Data Copilot

A real language model that reads your dataset and answers questions — running entirely in the browser tab via WebGPU, with no API key and no server.

▶ Live demo: https://www.johnmikelregida.com/labs/copilot

Runs entirely in your browser. No API key, no backend, no telemetry — your data never leaves the device.

What it is

Paste a small dataset (CSV or a plain list), then ask a question or request a data-quality read. A quantised open-weights LLM is downloaded once, compiled to your GPU, and runs inference locally; the answer streams back token-by-token without a single network request leaving the page. This is interesting to anyone who deals with data that cannot leave the device — regulated, on-prem, air-gapped, or simply privacy-sensitive workflows — and to engineers tracking the browser's emergence as a genuine inference runtime.
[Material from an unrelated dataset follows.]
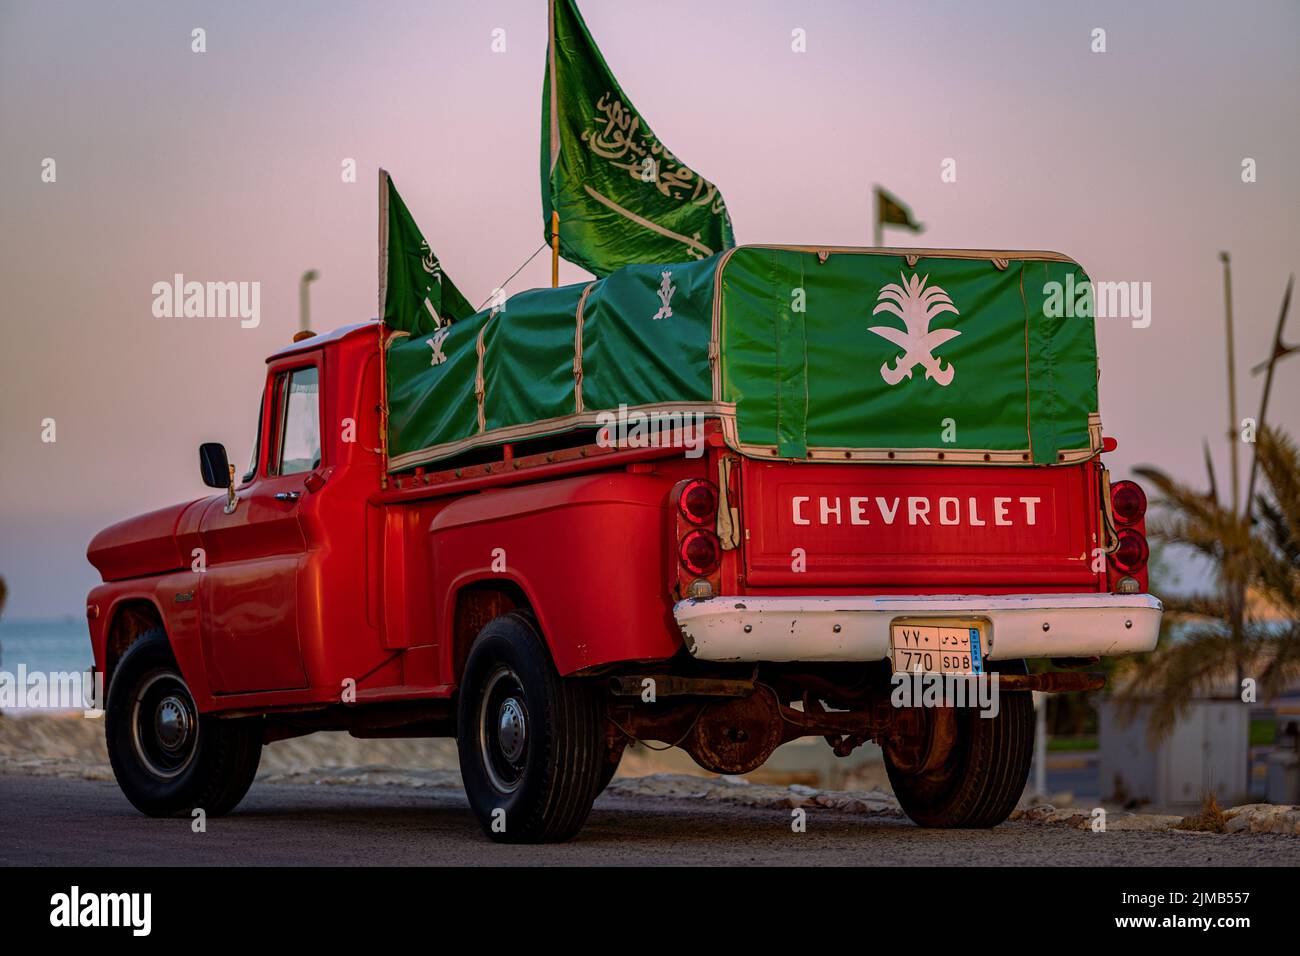 A red Chevrolet pickup car with National Day flags in Saudi Arabia Stock Photo
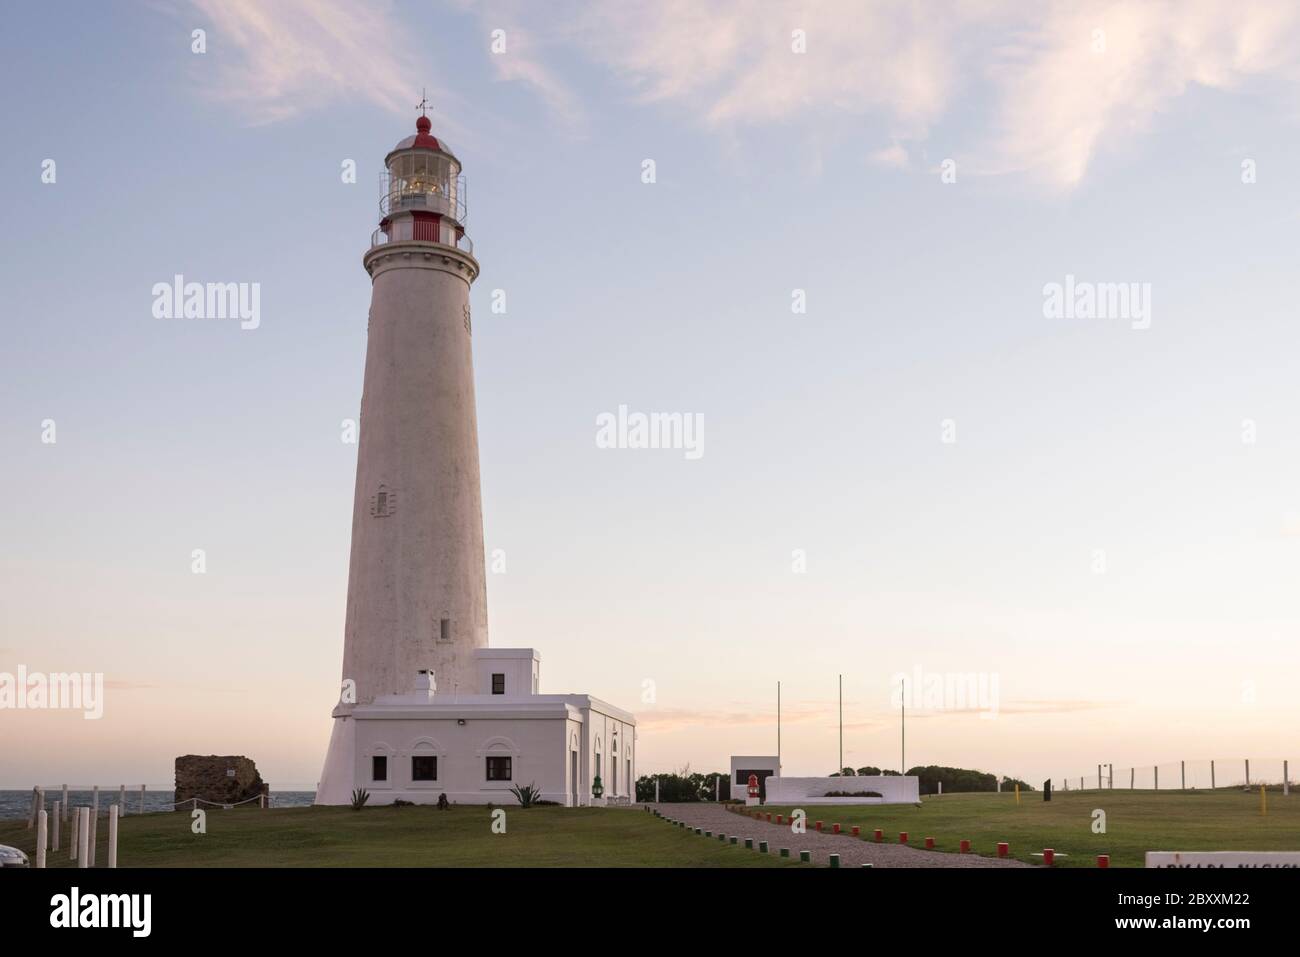 Lighthouse of Cabo de Santa Maria, an Uruguayan emblematic building declared National Historic Monument, located in La Paloma, Rocha, Uruguay. Sunset Stock Photo

It is deliberately scoped: a ~0.5B-parameter model is small. It is good for structural and data-quality observations over a few rows, not for heavy reasoning over large tables. The honesty matters more than the demo.

How it works

The whole app is a single self-contained index.html — no build step, no framework, no bundler.

Inference engine: WebLLM (@mlc-ai/web-llm), loaded as an ES module straight from https://esm.run/@mlc-ai/web-llm. WebLLM uses the MLC/Apache TVM runtime to compile the model to WebGPU compute shaders and run it locally.
Model: Qwen2.5-0.5B-Instruct-q4f16_1-MLC — Qwen2.5 0.5B Instruct, 4-bit weight quantisation with fp16 activations (q4f16_1). The download is ~0.5 GB and is cached by the browser after the first load.
Gated load: the model is not fetched on page open. WebGPU is feature-detected with navigator.gpu; if it's missing, the load button is disabled and the page shows a clear fallback message plus a worked example so it stays useful without WebGPU. The ~0.5 GB download is only triggered by an explicit Load model button, with a live progress bar wired to WebLLM's initProgressCallback.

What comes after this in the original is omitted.